From then till now, I’ve built coping mechanisms and built an empire of self-love. But recently, I’ve been diagnosed with Bipolar II and it’s rocking my world. And not in a cool amusement park way.
I had always had a mood disorder “NOS” on my face sheet because that depression used to pop up every now and then, and I would have “hypomanic” episodes with the same frequency. But it was never enough to check all the official boxes of Bipolar, so I wasn’t medicated and it was just kind of lurking in the background. But this summer I went from four to five days of depression, one day of either normal or manic behavior, rinse repeat. I started fitting every single box for Bipolar in a textbook way, and I’ve started a mood stabilizer, but we’re still working out the kinks and this process or state of being or my new norm or however you want to look at it is grueling. It fucking sucks.

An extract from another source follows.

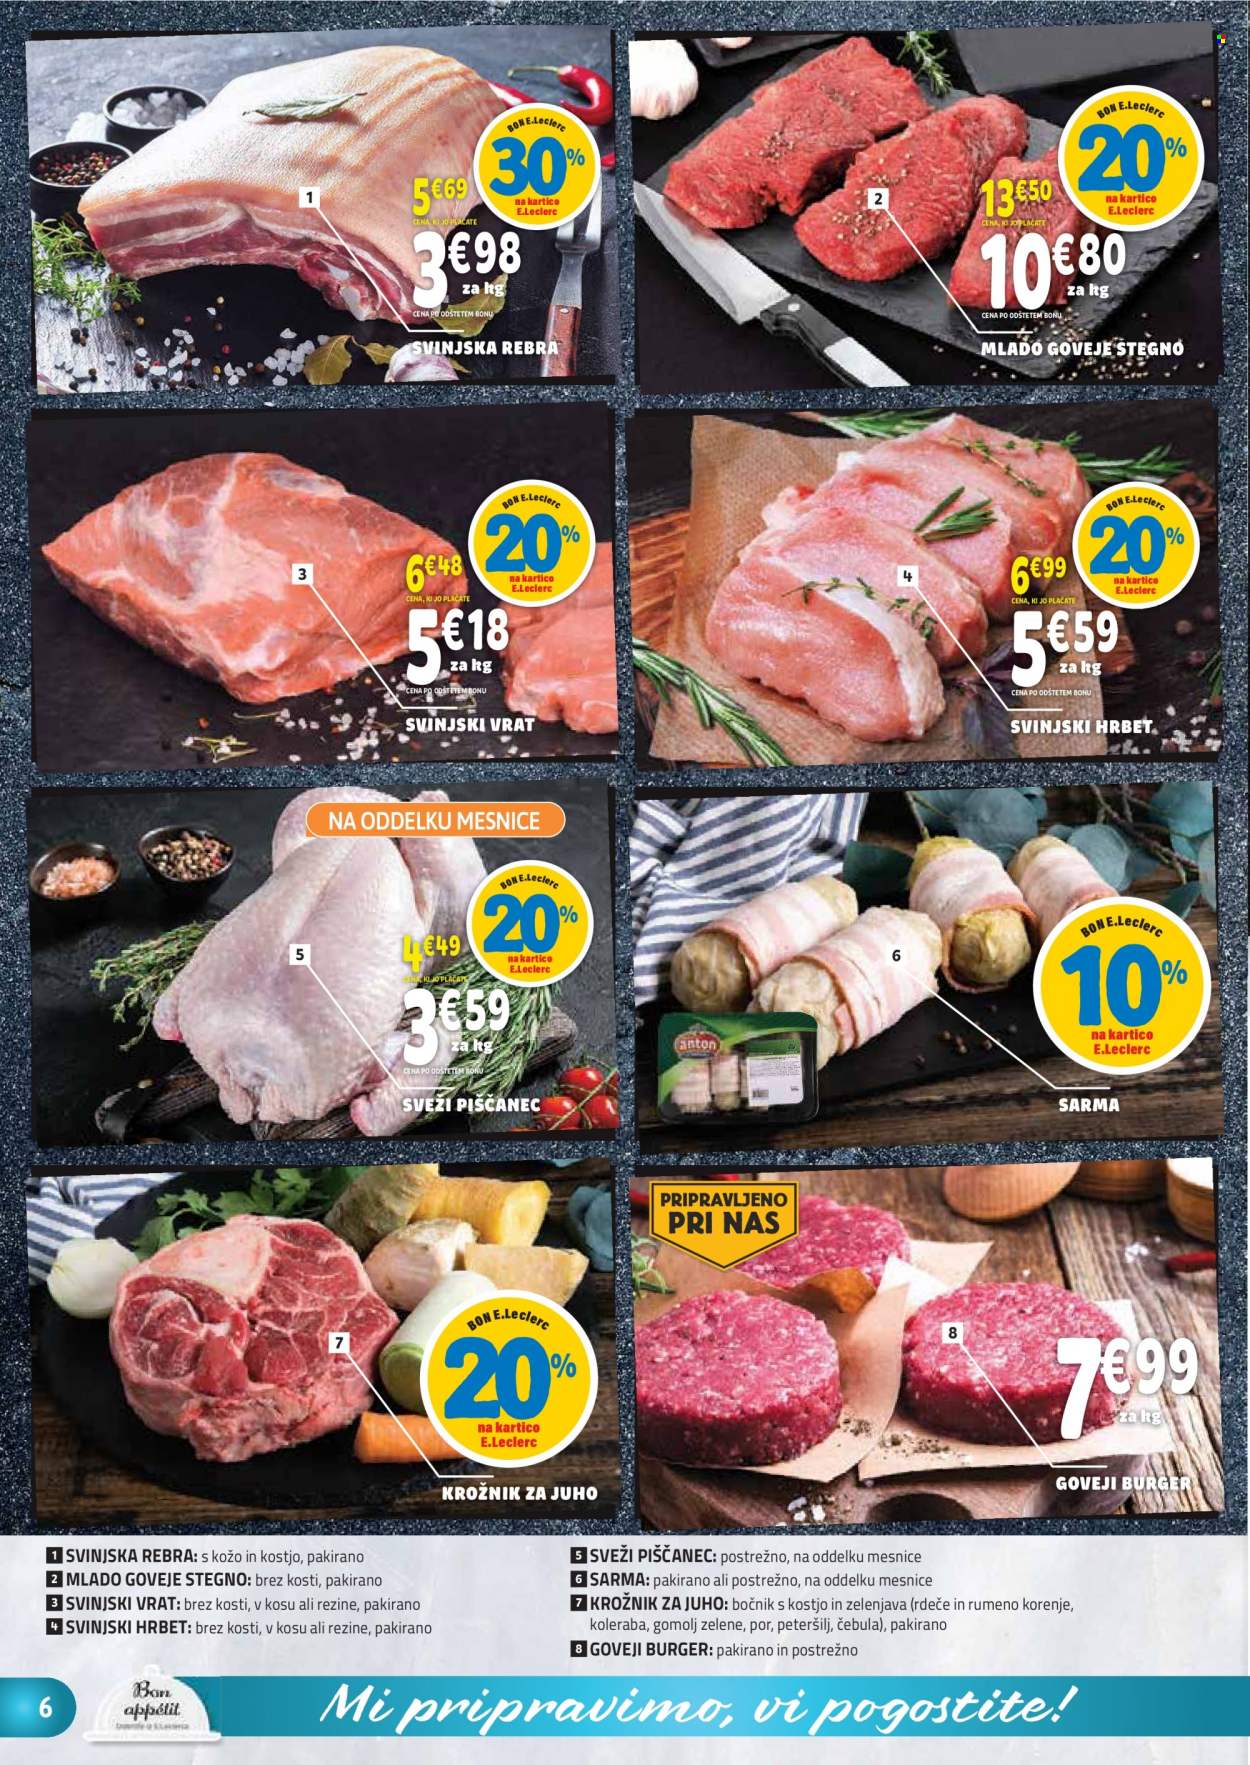 thumbnail - E.Leclerc katalog - 7.2.2023 - 18.2.2023 - Ponudba izdelkov - stegno, piščanec, piščančje meso, goveje meso, rebra, goveje stegno, burger, goveji burger, svinjska rebra, svinjski vrat, svinjsko meso, čebula, korenje, krožnik. Stran 6.

As flighty and random as I can be, I very much find comfort in logic. I’ve always been the person who appreciates when someone suggests maybe it’s PMS that’s making me act emotionally because then I can say “OH!” and realize it’s not “me” doing it, it’s the hormones. That’s how I feel with anxiety, depression, and everything else. If I have a phobia or a specific thing that gives me anxiety and that stimulus occurs and I have a panic attack, that makes sense to me. If someone dies and I’m heartbroken and go into a state of depression, that makes sense to me. But being at a party where I’m having a great time and then feeling a switch flip inside my body that says “you’re depressed, nothing matters” and you can’t stop the insane amount of tears that are about to come out of your face… that’s jarring to me.
Last night, I was at the studio with Maura and Joe. We were having an amazing time. I tied balloons filled with helium to my hair and put pom poms in Joe’s beard for Pete’s sake. It was wonderful. And all of a sudden Joe saw it in my eyes and asked what was wrong. And I don’t even have an answer. I’ve been saying, “My brain isn’t being nice”. Because I know logically that I should be happy, but now I’m not. My brain is being a bitch, and I wish she wasn’t. I wish I was in control, but I’m not. And even thinking about it makes me cry.
So I want to apologize if I’ve ever been slightly removed from your struggles with mental health. I feel like that’s the thing that separates me from other self-love coaches/bloggers/whatever and the past few months have shown me how removed I’ve been from ACTIVE and NEW struggles with mental illness. That doesn’t mean I haven’t had to deal with stuff popping up every week and I just use my coping mechanisms to deal with it because I have. But I think there was a part of me that forgot just how fucking terrifying and awful all this is.
I hope you don’t find me sharing this to mean that I’m less qualified to help you with your problems. I’ll never let my issues interfere with helping you. If I have an appointment with you on a day I can’t provide my best, I would rather cancel and reschedule than give you a bad experience. I like to think that knowing I’m going through this stuff makes me a little bit more qualified because I’m not just talking out of my ass, but that’s up to you to decide. Anyway, I felt an urge to write about this as I finally woke up this “morning” at 2 pm (because being unconscious felt better than being awake). If anything, it was for me to formulate my thoughts on this in a more organized way than “Oh shit” and trying to get shit out between sobbing to my boyfriend and friends.
I love you, and I feel for you. I hope you’ll stick around.